#### Work instructions
Return the listing exactly as it appears, but strip out the images.

#### Dataset excerpt
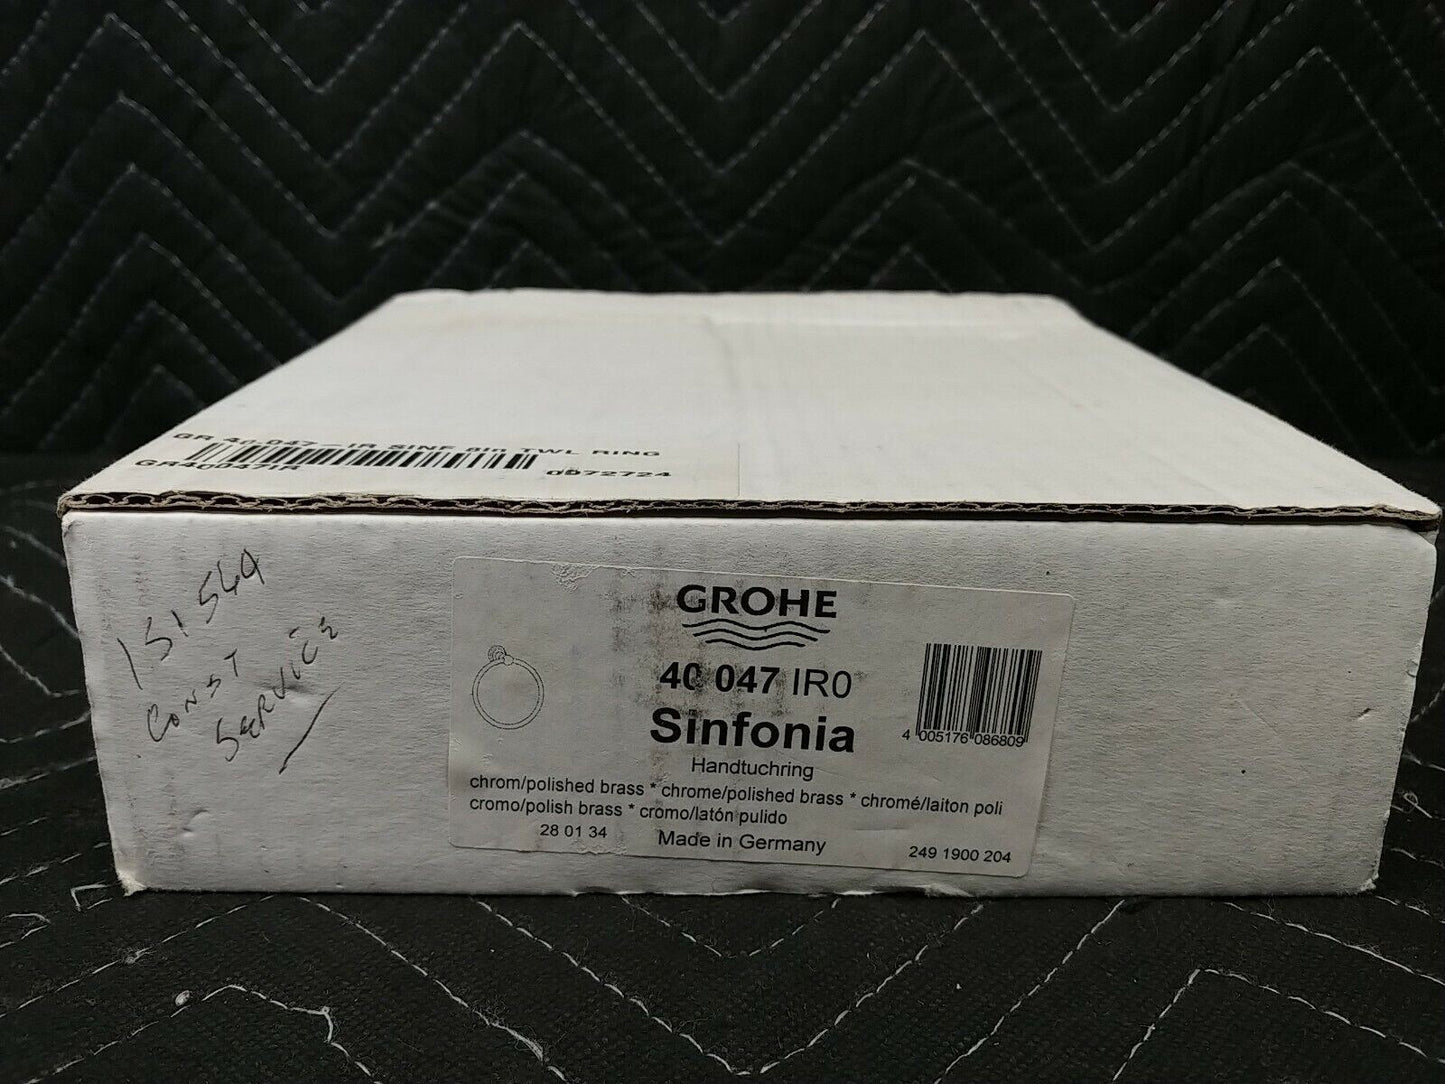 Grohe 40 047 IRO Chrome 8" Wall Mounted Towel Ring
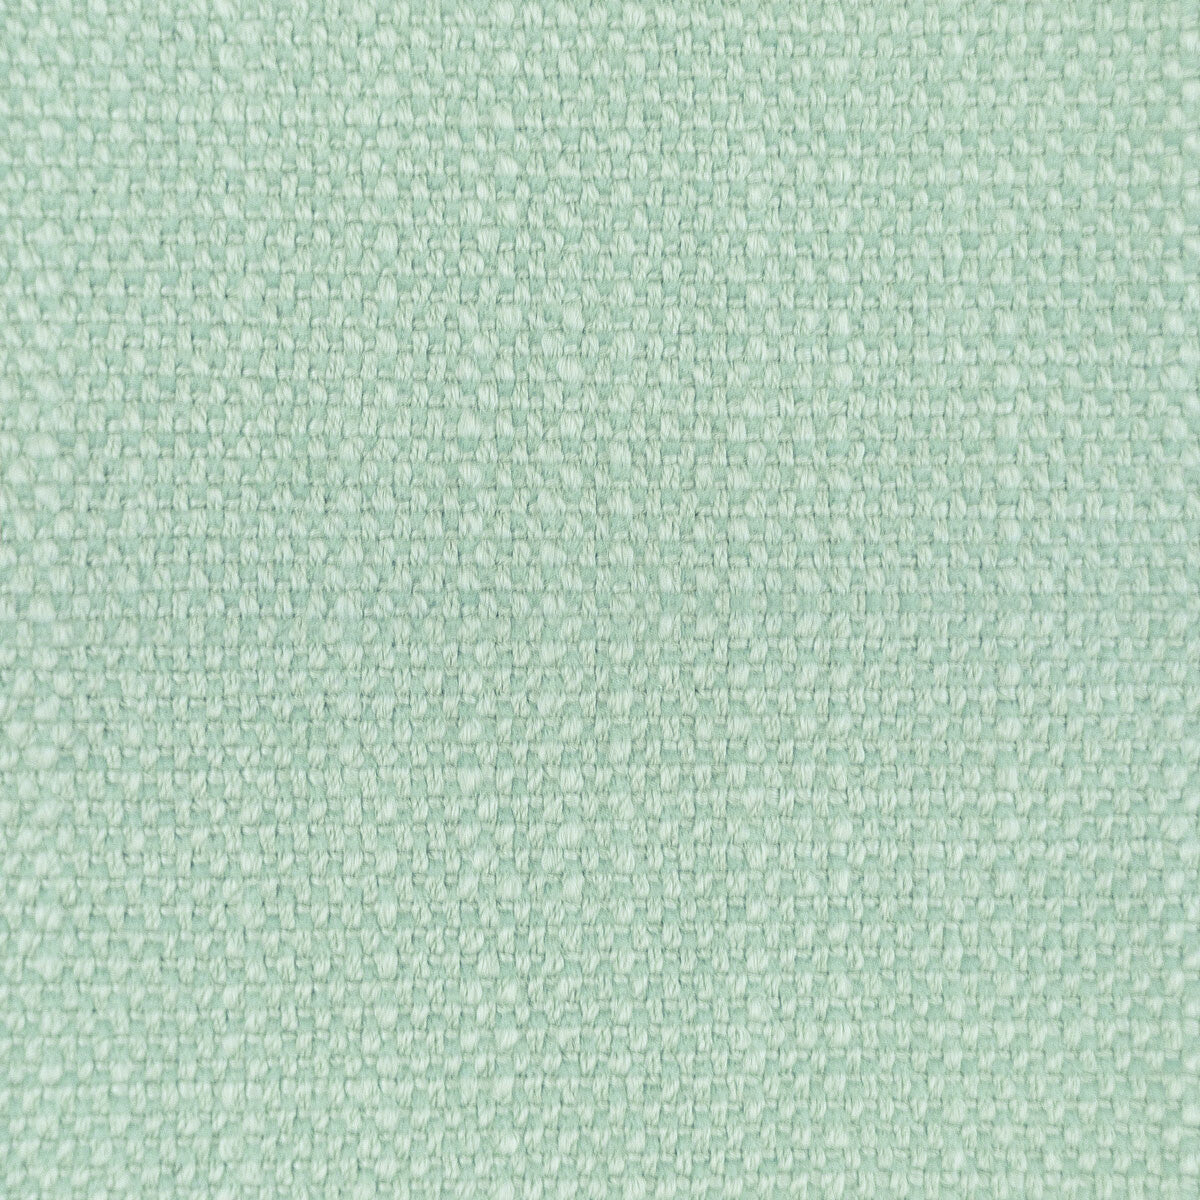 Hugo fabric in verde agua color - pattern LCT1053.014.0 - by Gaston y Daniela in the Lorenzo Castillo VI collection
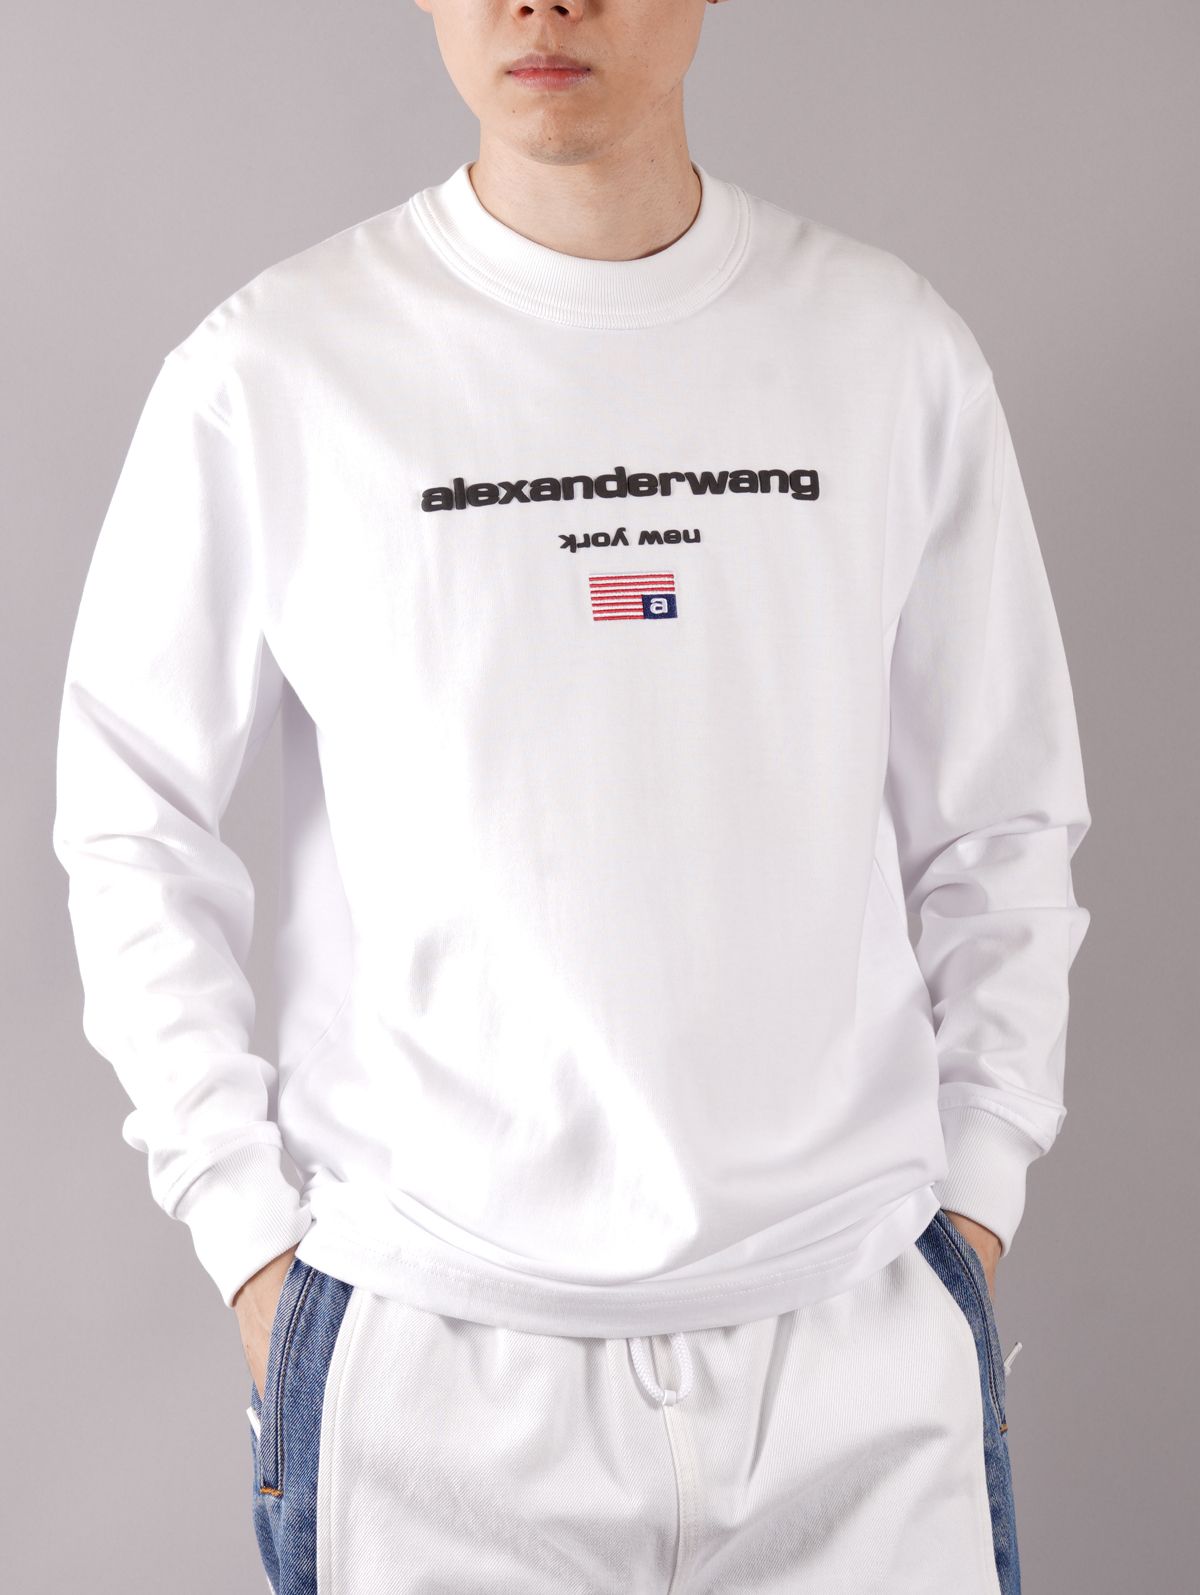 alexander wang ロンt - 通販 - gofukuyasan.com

#### Response to the task
 Grohe 40 047 IRO Chrome 8" Wall Mounted Towel Ring
 Hugo fabric in verde agua color - pattern LCT1053.014.0 - by Gaston y Daniela in the Lorenzo Castillo VI collection
 alexander wang ロンt - 通販 - gofukuyasan.com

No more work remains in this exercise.